## What to do
Please give back the listing exactly, without any of its pictures.

## Data segment

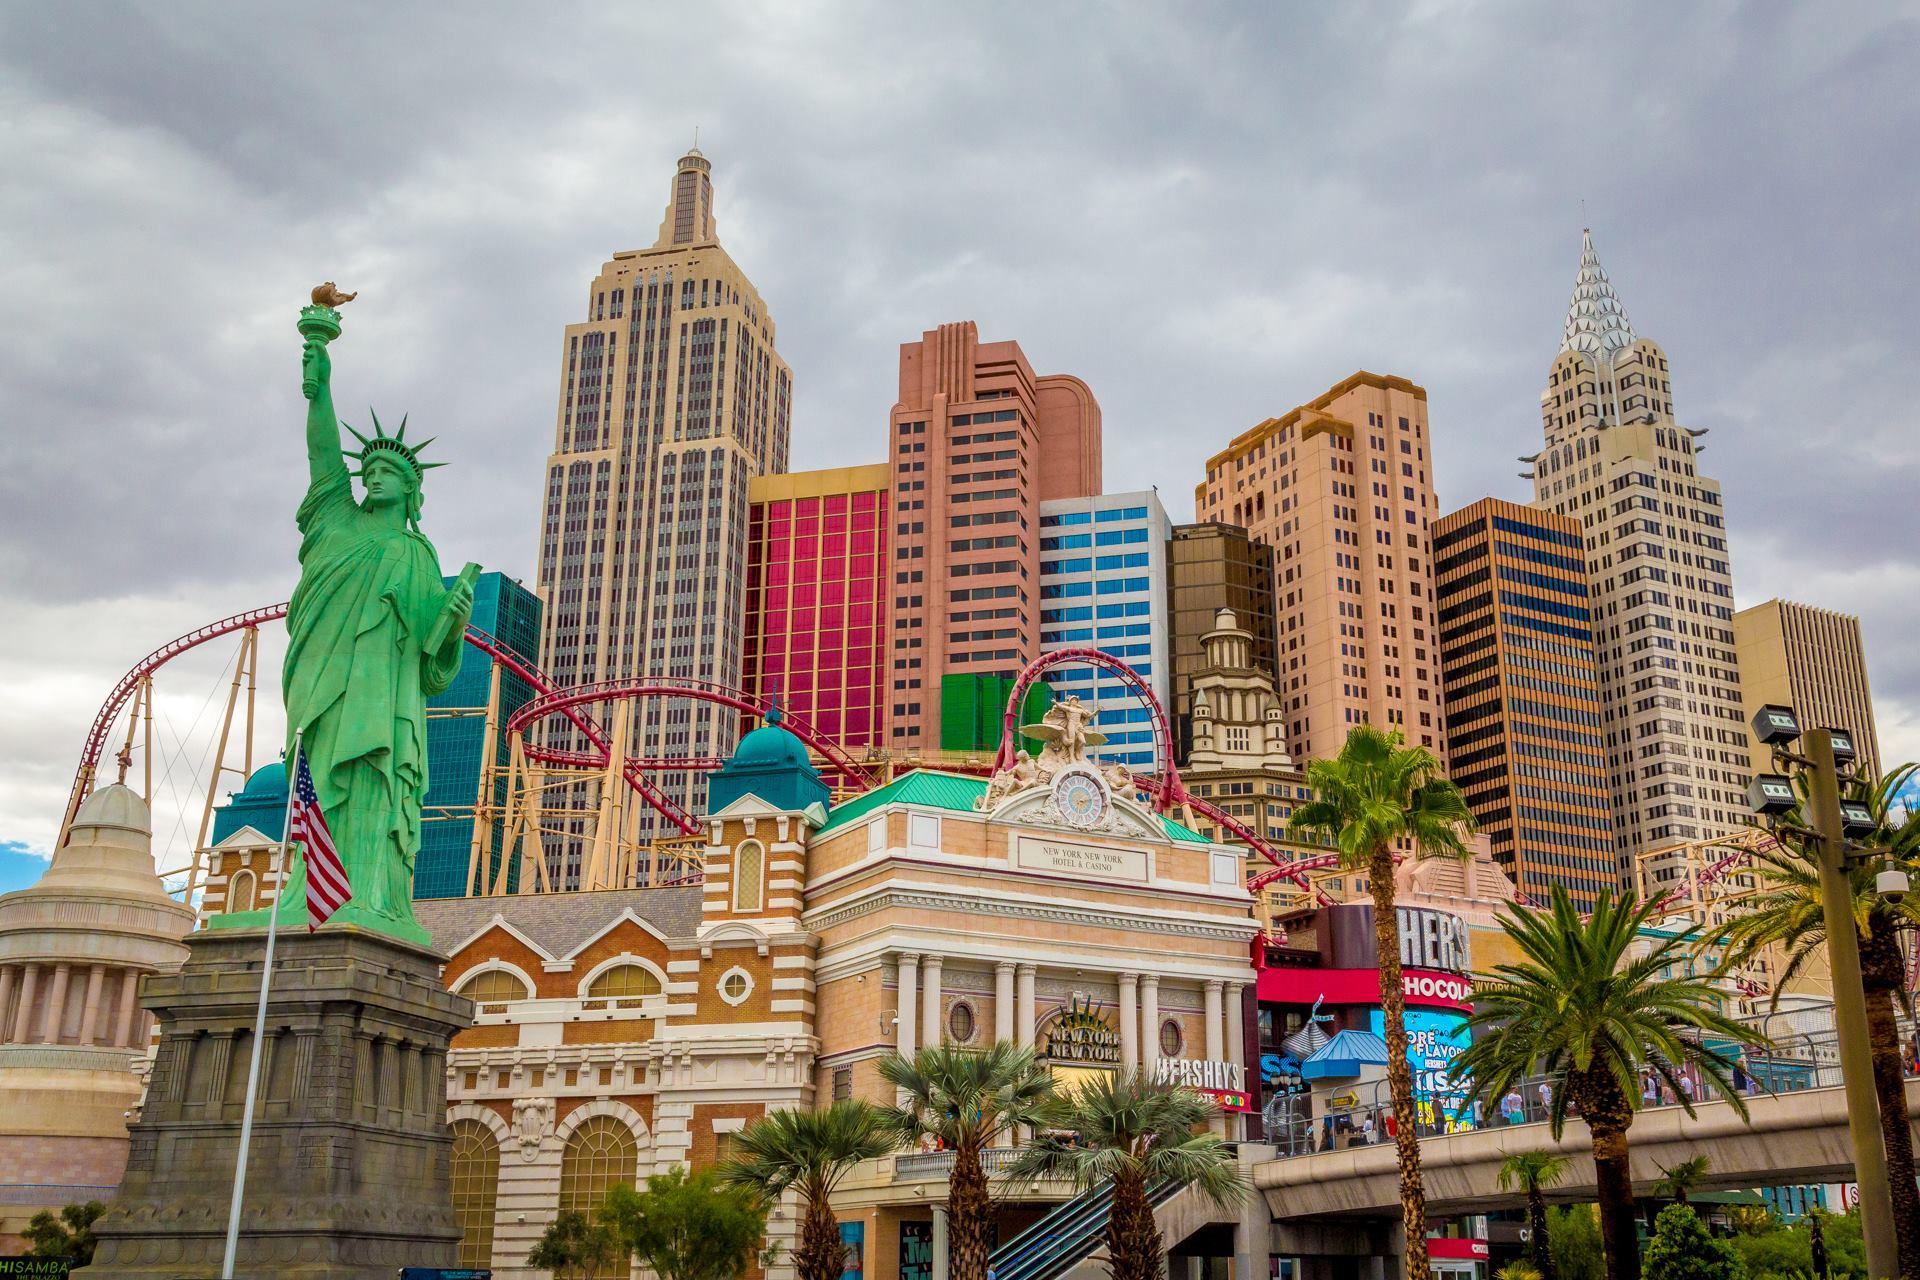 New York in Vegas -  by D Scott Smith
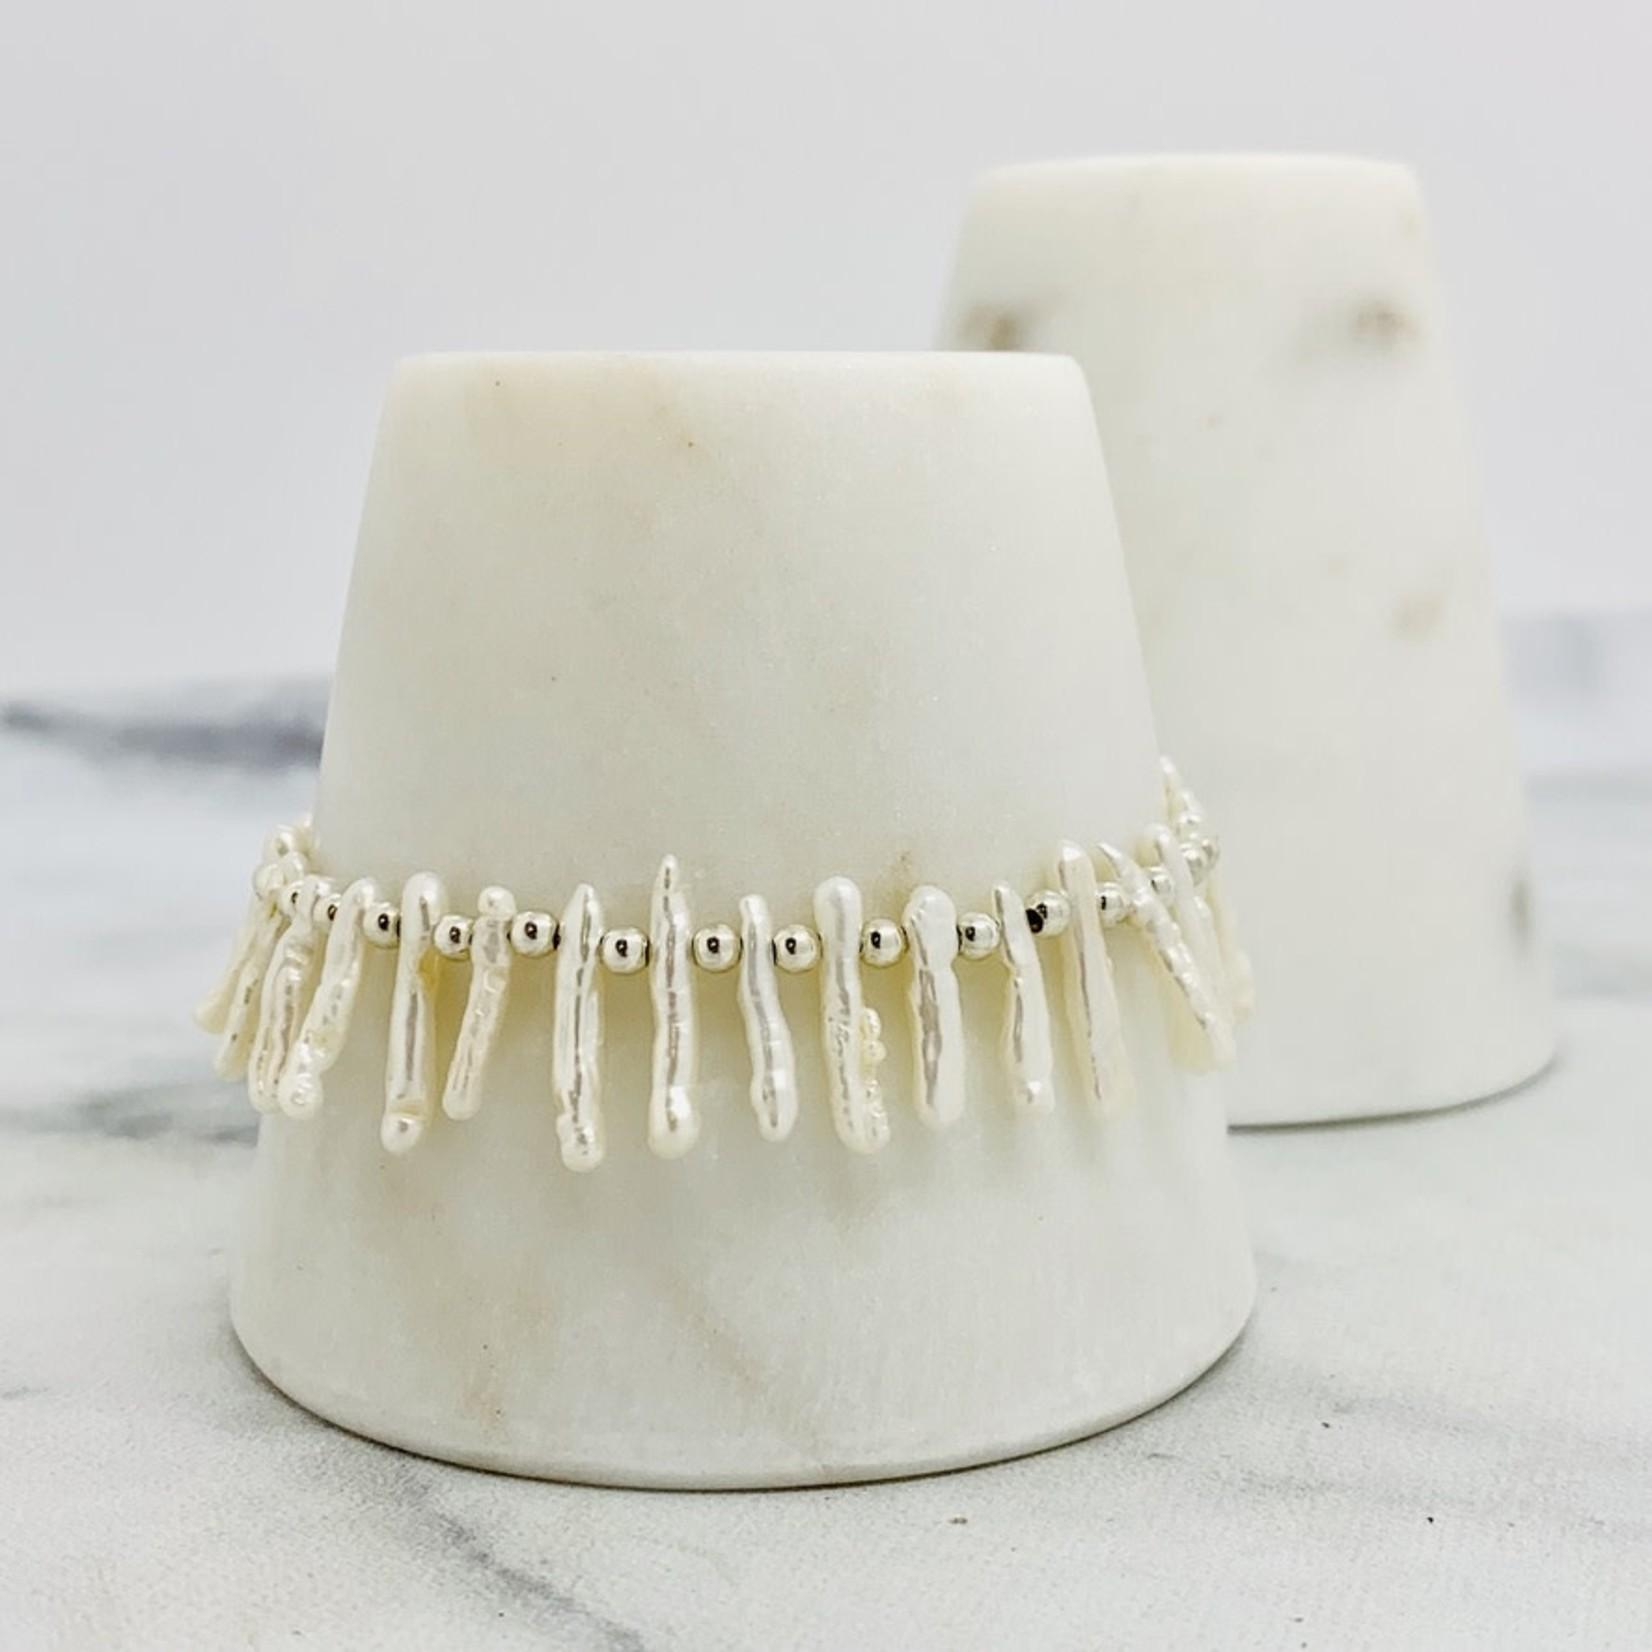 EVANKNOX Handmade Bracelet with white stick pearls, silver balls between
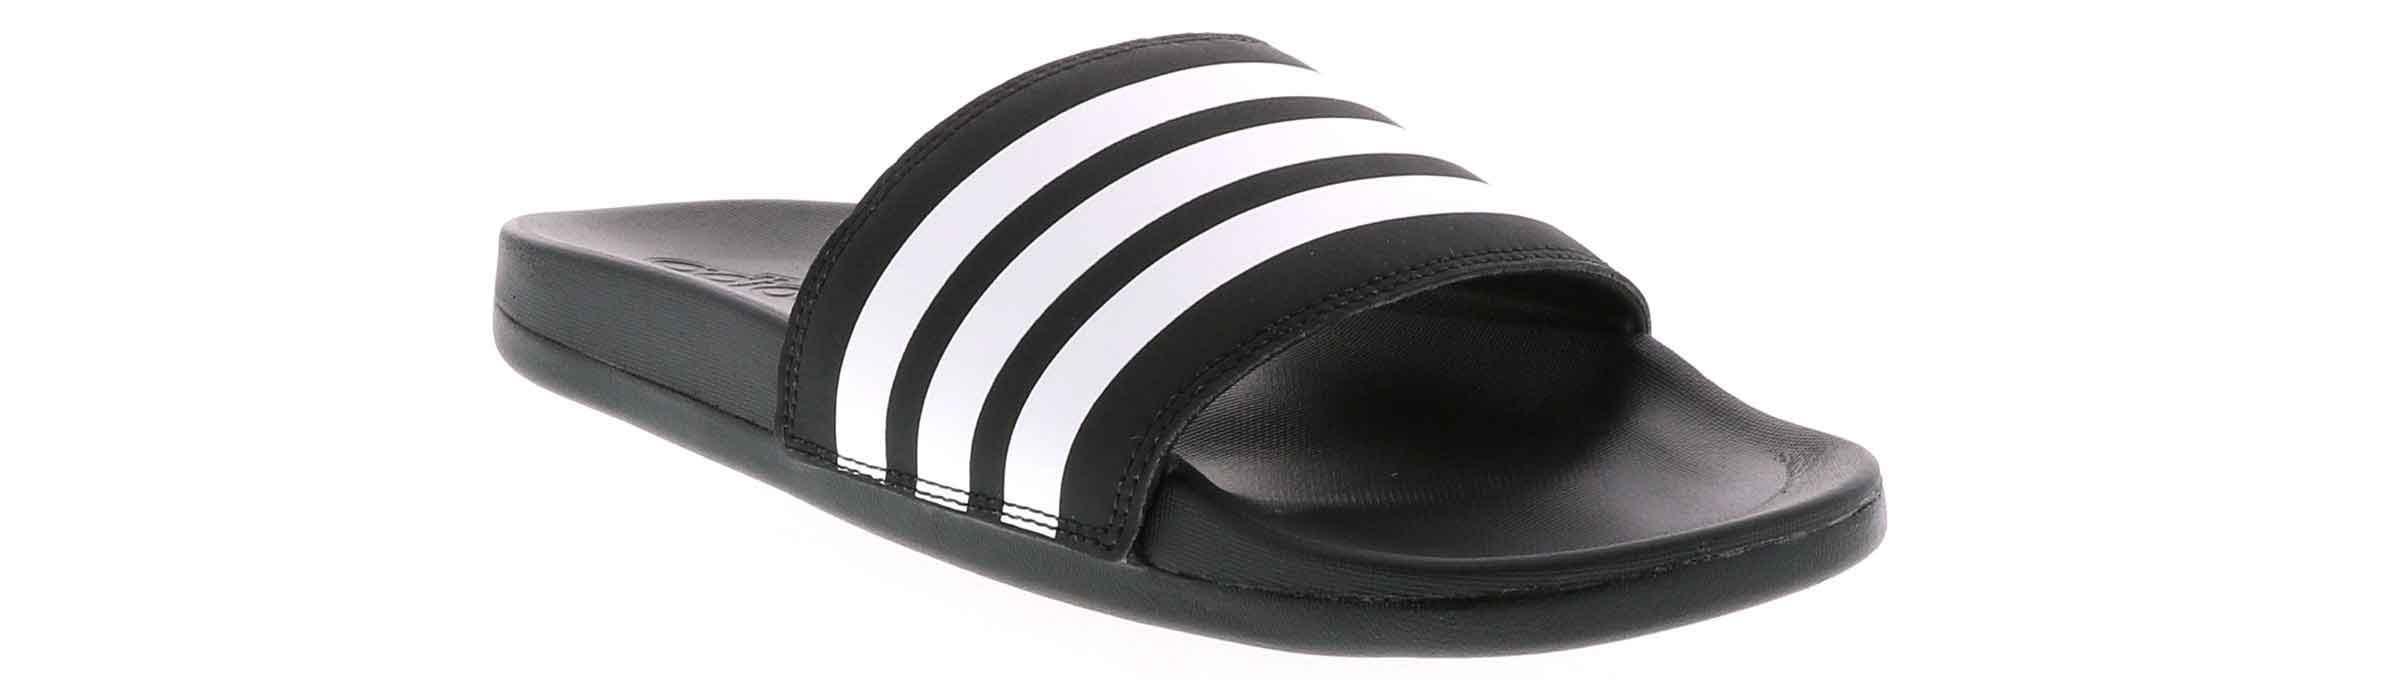 Women's Adidas Adilette Comfort Core

## Answer to the exercise
 New York in Vegas -  by D Scott Smith
 EVANKNOX Handmade Bracelet with white stick pearls, silver balls between
 Women's Adidas Adilette Comfort Core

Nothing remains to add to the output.